What is required
Beginning with the line containing "Bath Remodeling, Shower, Tile, Plumbing" and going on through the line containing "Вентилятор радиатора Fiat", the lines below are to be returned exactly, pictures excluded and nothing added.

Study material
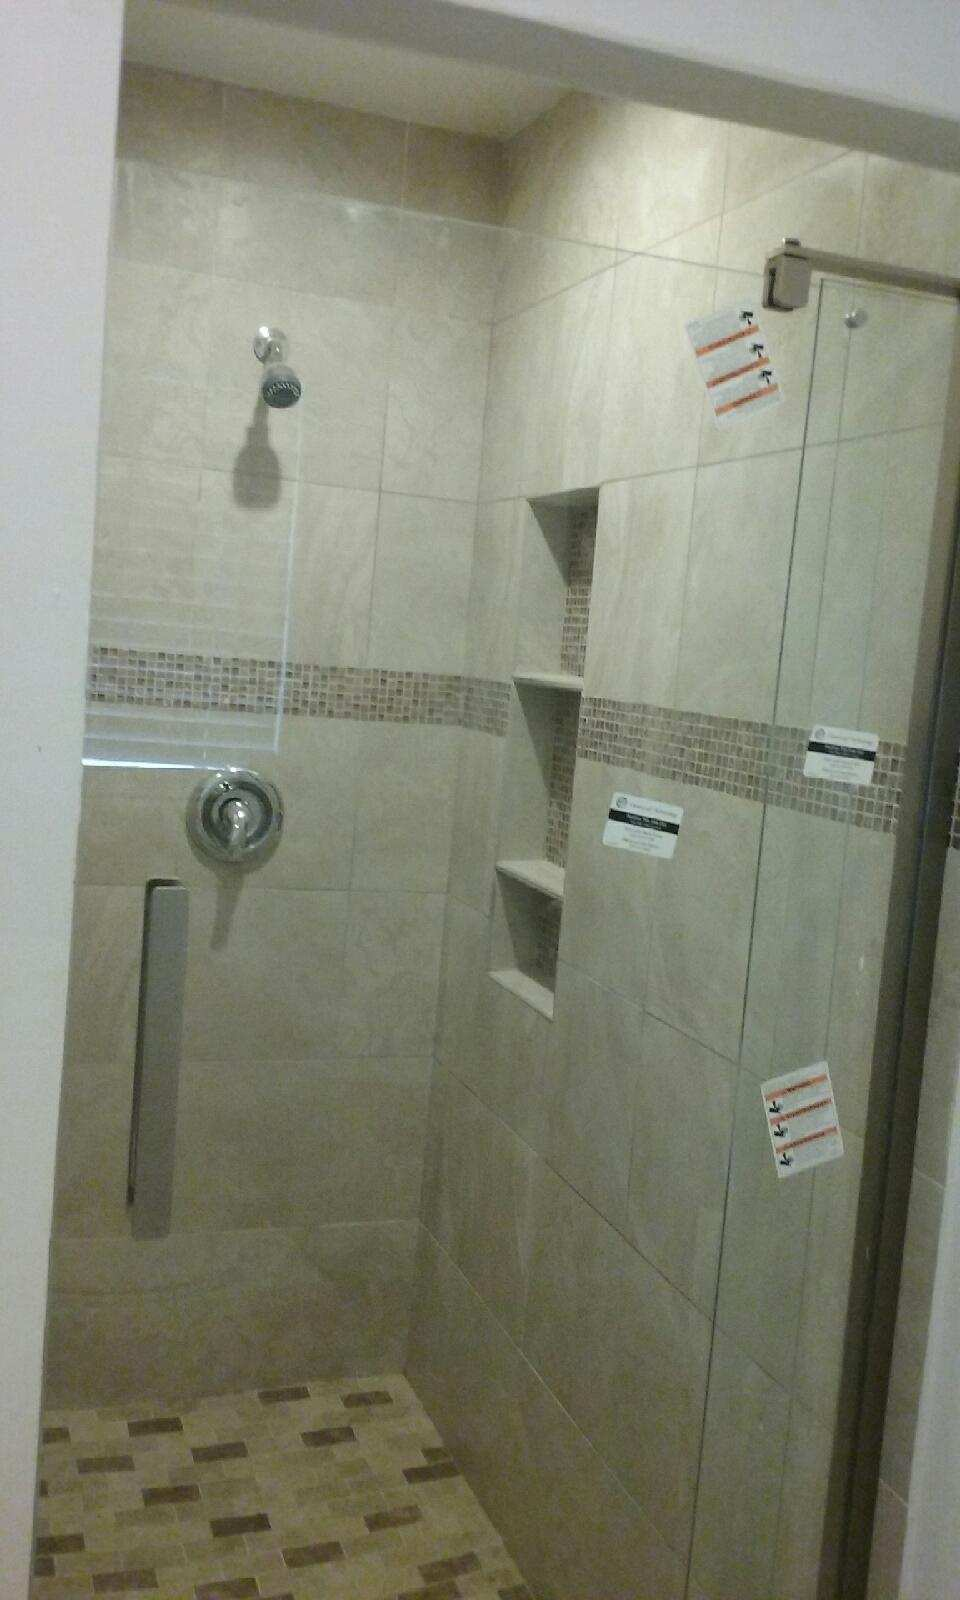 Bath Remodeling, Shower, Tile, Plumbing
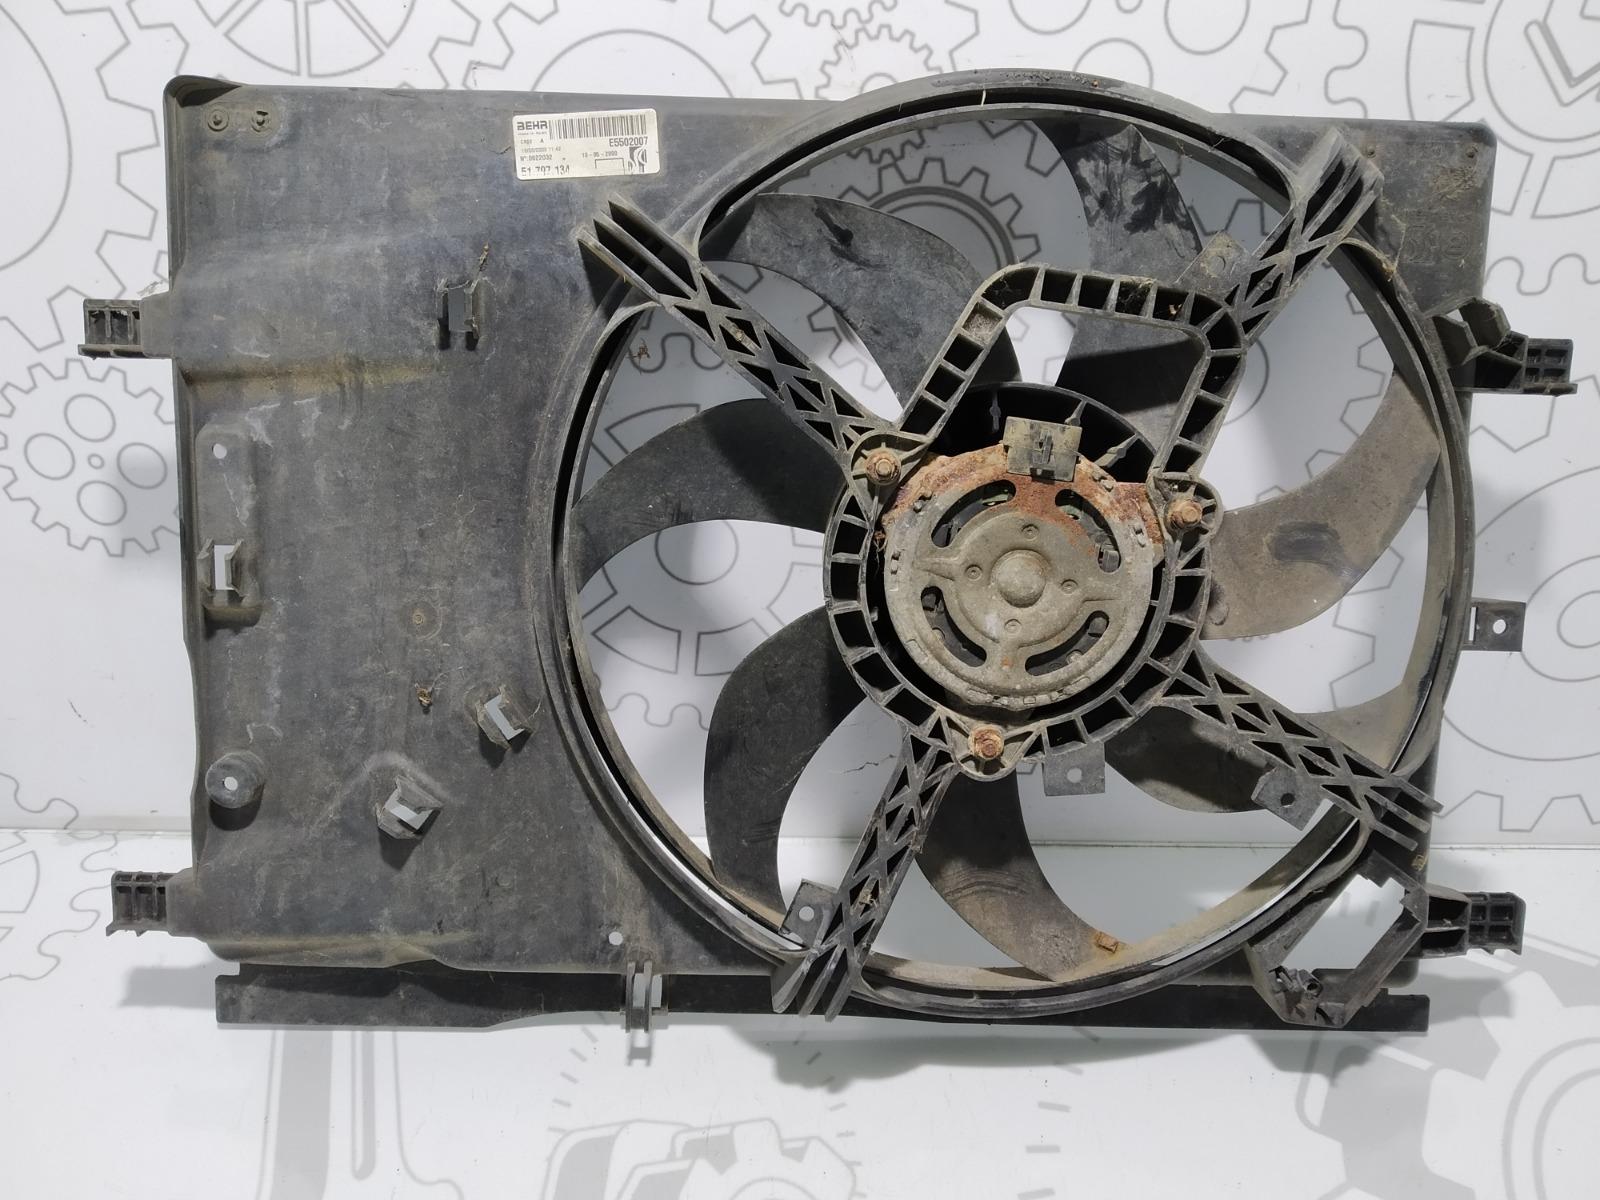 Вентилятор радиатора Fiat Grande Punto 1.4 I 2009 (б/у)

...

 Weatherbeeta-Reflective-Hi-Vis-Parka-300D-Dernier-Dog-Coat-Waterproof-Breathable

...

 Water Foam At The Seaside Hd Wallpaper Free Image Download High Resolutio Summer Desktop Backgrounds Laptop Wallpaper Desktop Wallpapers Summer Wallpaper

Answer below
 Bath Remodeling, Shower, Tile, Plumbing
 Вентилятор радиатора Fiat Grande Punto 1.4 I 2009 (б/у)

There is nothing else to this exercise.